Courant à travers le salon, Amaryllis sauta sur son frère. Elle entoura son cou de ses bras et le serra fort contre elle. La jeune femme arborait comme leur mère une longue chevelure blonde mais ses yeux brillait de reflet bleutés captivants. Desserrant ses bras, il plongea ses sublimes yeux dans ceux de Nalkas. Ils exprimaient quasiment textuellement la crainte passée et le bonheur présent qu'elle ressentait.

-Voyons Amaryllis, je vous ai déjà dit que vous ne deviez plus l'appeler ainsi désormais. Il n'est plus votre frère!
-Oh Freda, laisses la donc en paix avec ces histoires!
-Non père, mère à raison. C'est mon fiancé désormais et je dois le traiter comme tel.

Doucement mais cependant avec envie, elle vint poser ses lèvres sur celles de Nalkas qui lui rendit avec plaisir son baiser. Quoiqu'un peu troublé par leur nouveau statut de "futurs mariés", les deux tourtereaux s'habituaient bien à la situation. Depuis toujours ils s'aimaient, d'un amour chaste, innocent et fraternel certes, mais entre cela et l'amour véritable qui pousse les gens à vivre ensemble pour le restant de leurs jours, il n'y avait pas beaucoup de différences.

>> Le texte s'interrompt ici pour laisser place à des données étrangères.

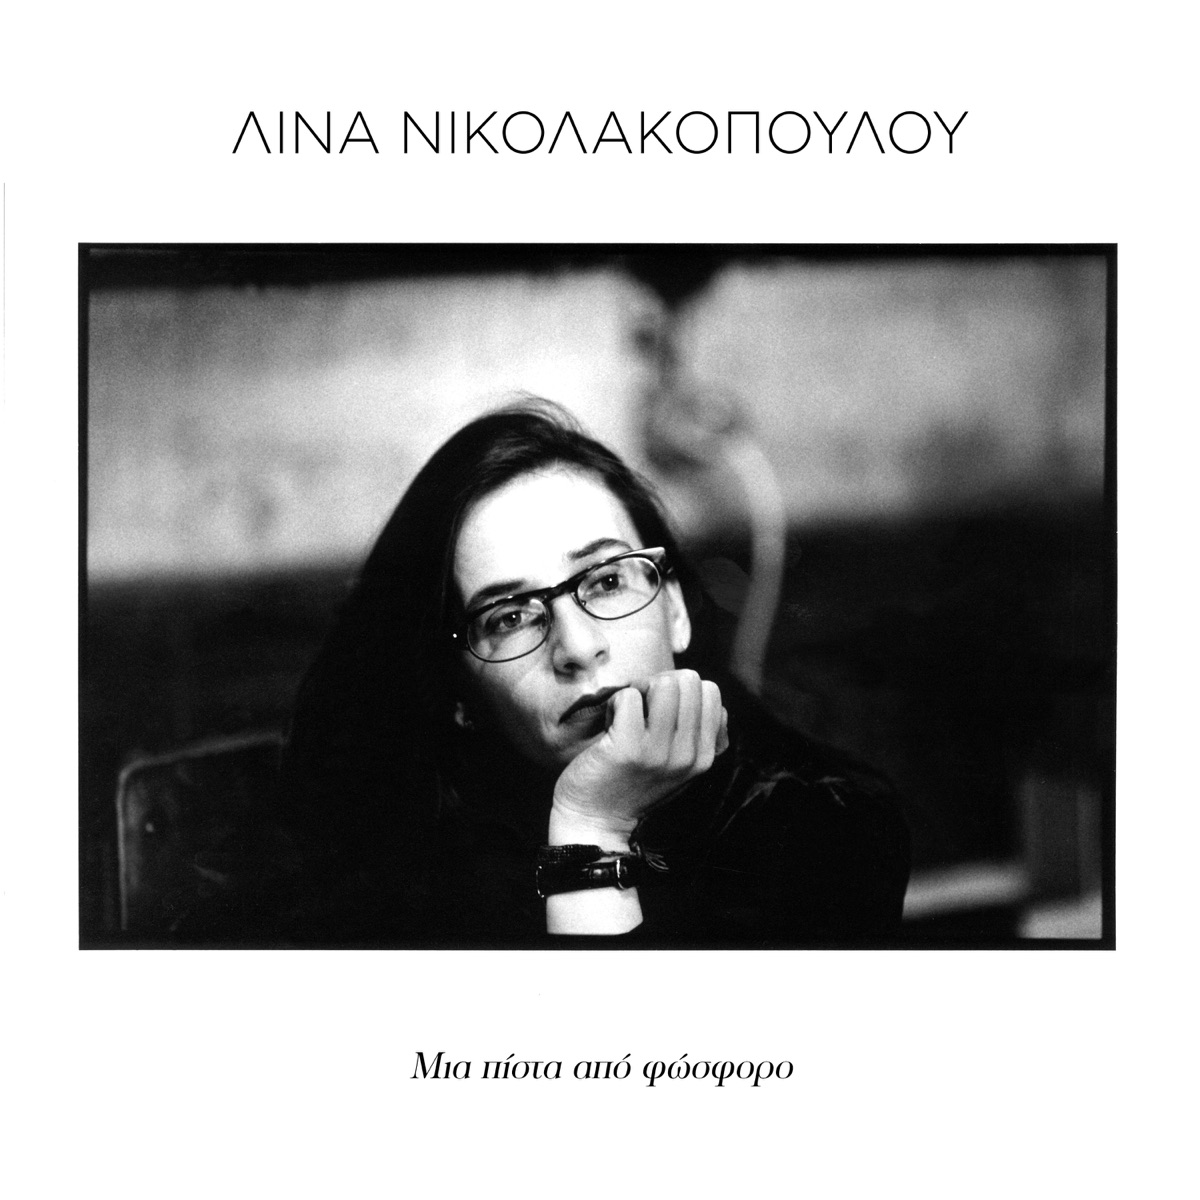 Mia Pista Apo Fosforo - Album by Lina Nikolakopoulou - Apple Music

Cela explique très bien pourquoi tous deux n'avaient vu aucune objection à la proposition de leurs parents, qui leur avaient demandé s'ils souhaiteraient s'unir par les liens sacrés du mariage. Rompant le contact, les deux amoureux, échangèrent un regard passionné qui traduisait à merveille ce qu'ils ressentaient l'un pour l'autre.Amaryllis se mordit les lèvres l'espace de quelques secondes ,semblant regretter la fin de leur étreinte puis sourit délicieusement à Nalkas.


-Bien père. Puisque tout va bien ici, nous rentrons chez nous.
-Vas mon fils, ne te soucies de tes vieillards de parents. Retournes aux succulentes tentations que propose la jeunesse et ne t'occupes pas de nous. Tu en fais déjà bien assez pour nous, pour nous tous.

En effet, depuis qu'il était devenu Capitaine de la Garde, Nalkas n'avait pas eu un moment à lui. Entre les agressions extérieures et les tensions au sein du clan, il avait fort à faire. Mais tout cela n'avait plus d'importance pour lui. Maintenant, il allait pouvoir passer un peu de bon temps avec l'élue de son coeur. Il prit sa fiancée par la main et l'emmena avec lui dans leur demeure. En rentrant, il commença à défaire son armure pour s'offrir un peu de repos.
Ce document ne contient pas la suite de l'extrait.